Segment Start: Data provided
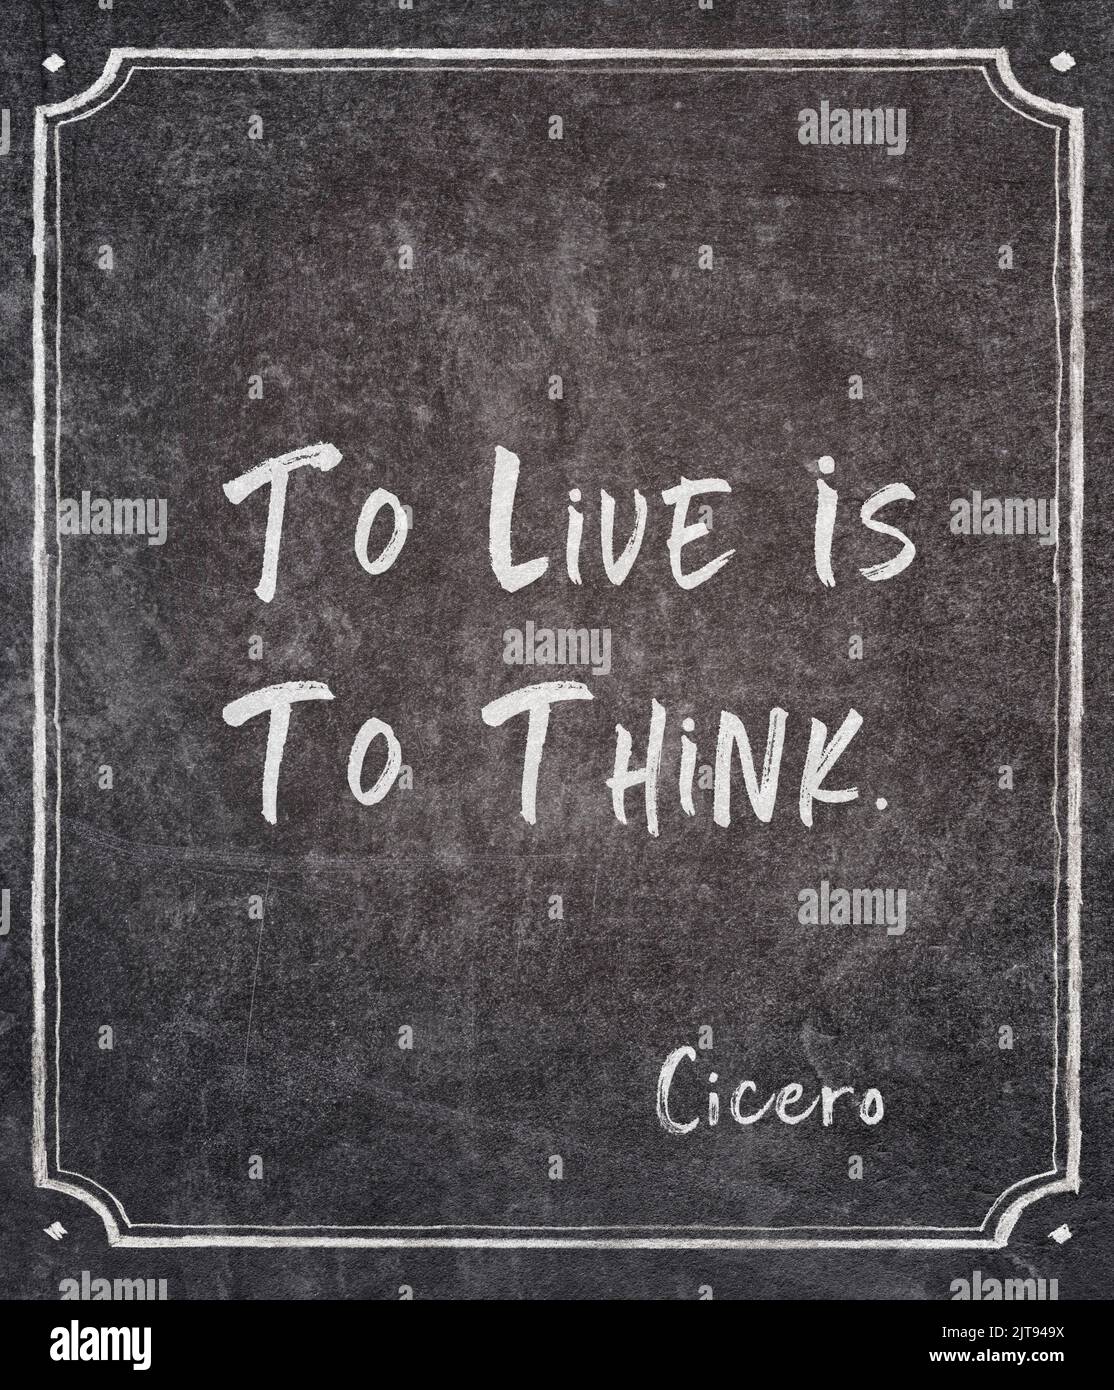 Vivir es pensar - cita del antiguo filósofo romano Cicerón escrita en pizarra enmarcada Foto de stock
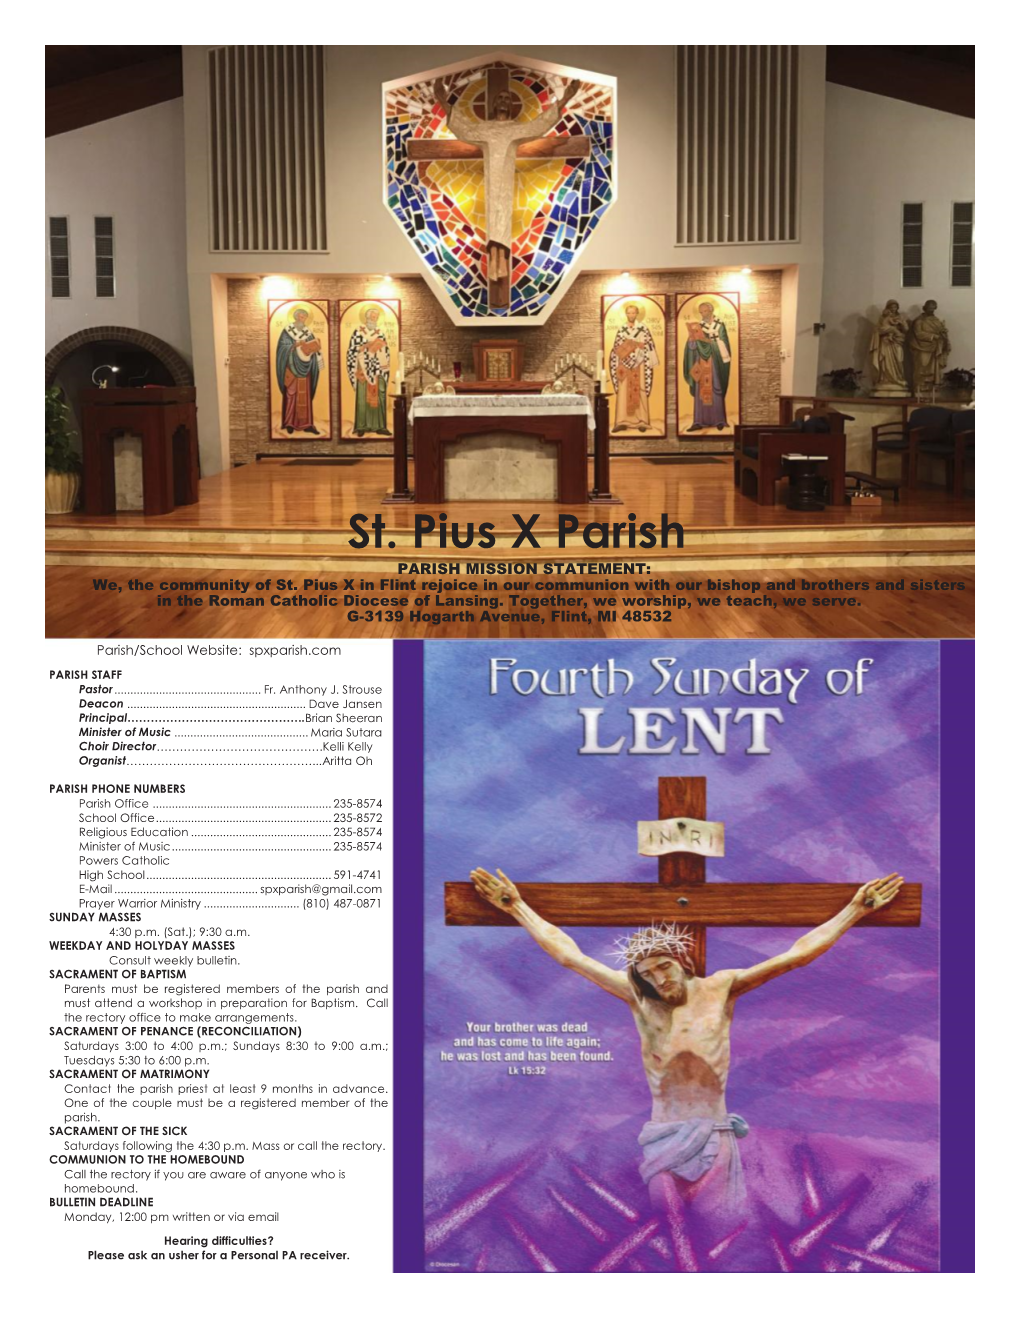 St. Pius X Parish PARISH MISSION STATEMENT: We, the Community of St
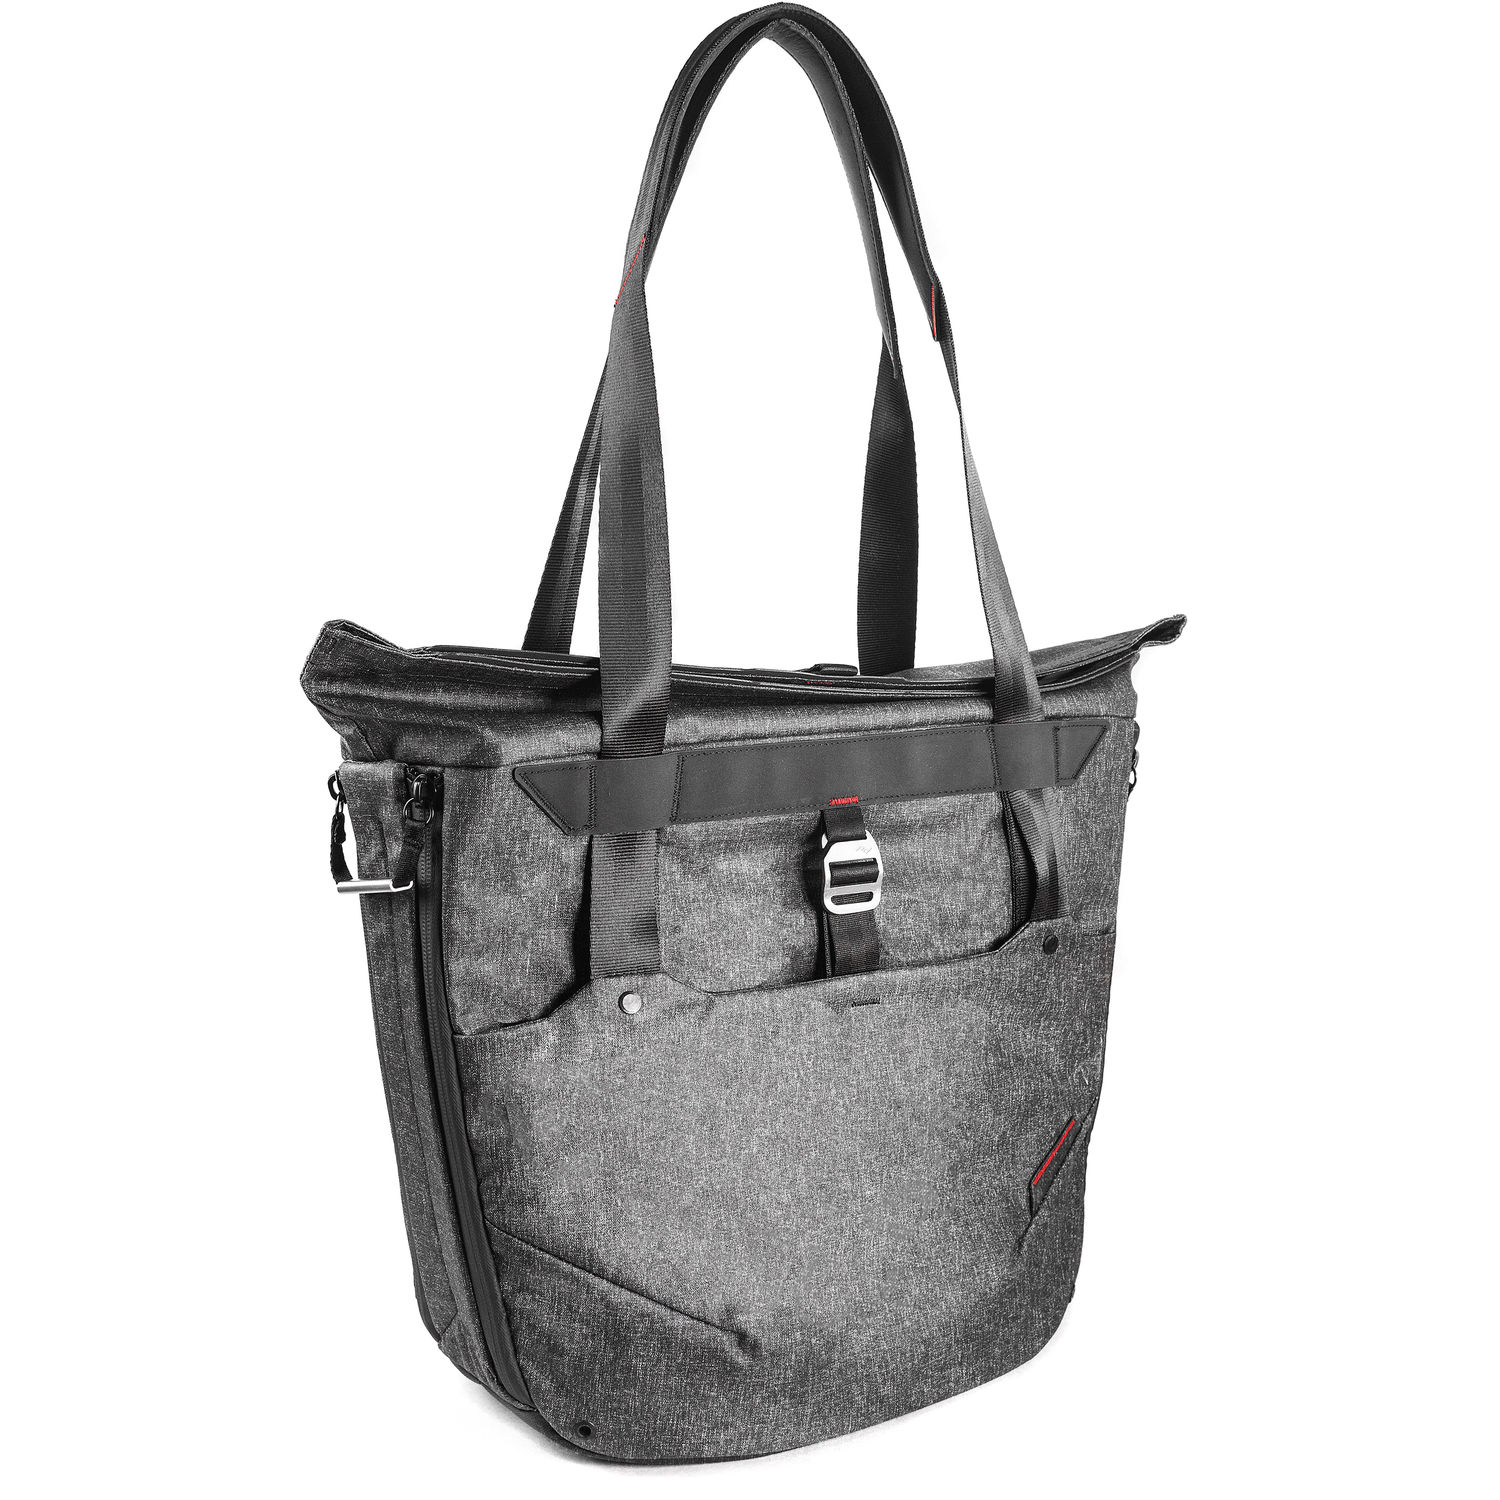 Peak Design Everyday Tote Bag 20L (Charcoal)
Segment End: Data provided
| What the task asks |
Please copy the data shown above precisely, leaving the images out.

| Response to the exercise |
 Vivir es pensar - cita del antiguo filósofo romano Cicerón escrita en pizarra enmarcada Foto de stock
 St. Pius X Parish PARISH MISSION STATEMENT: We, the Community of St
 Peak Design Everyday Tote Bag 20L (Charcoal)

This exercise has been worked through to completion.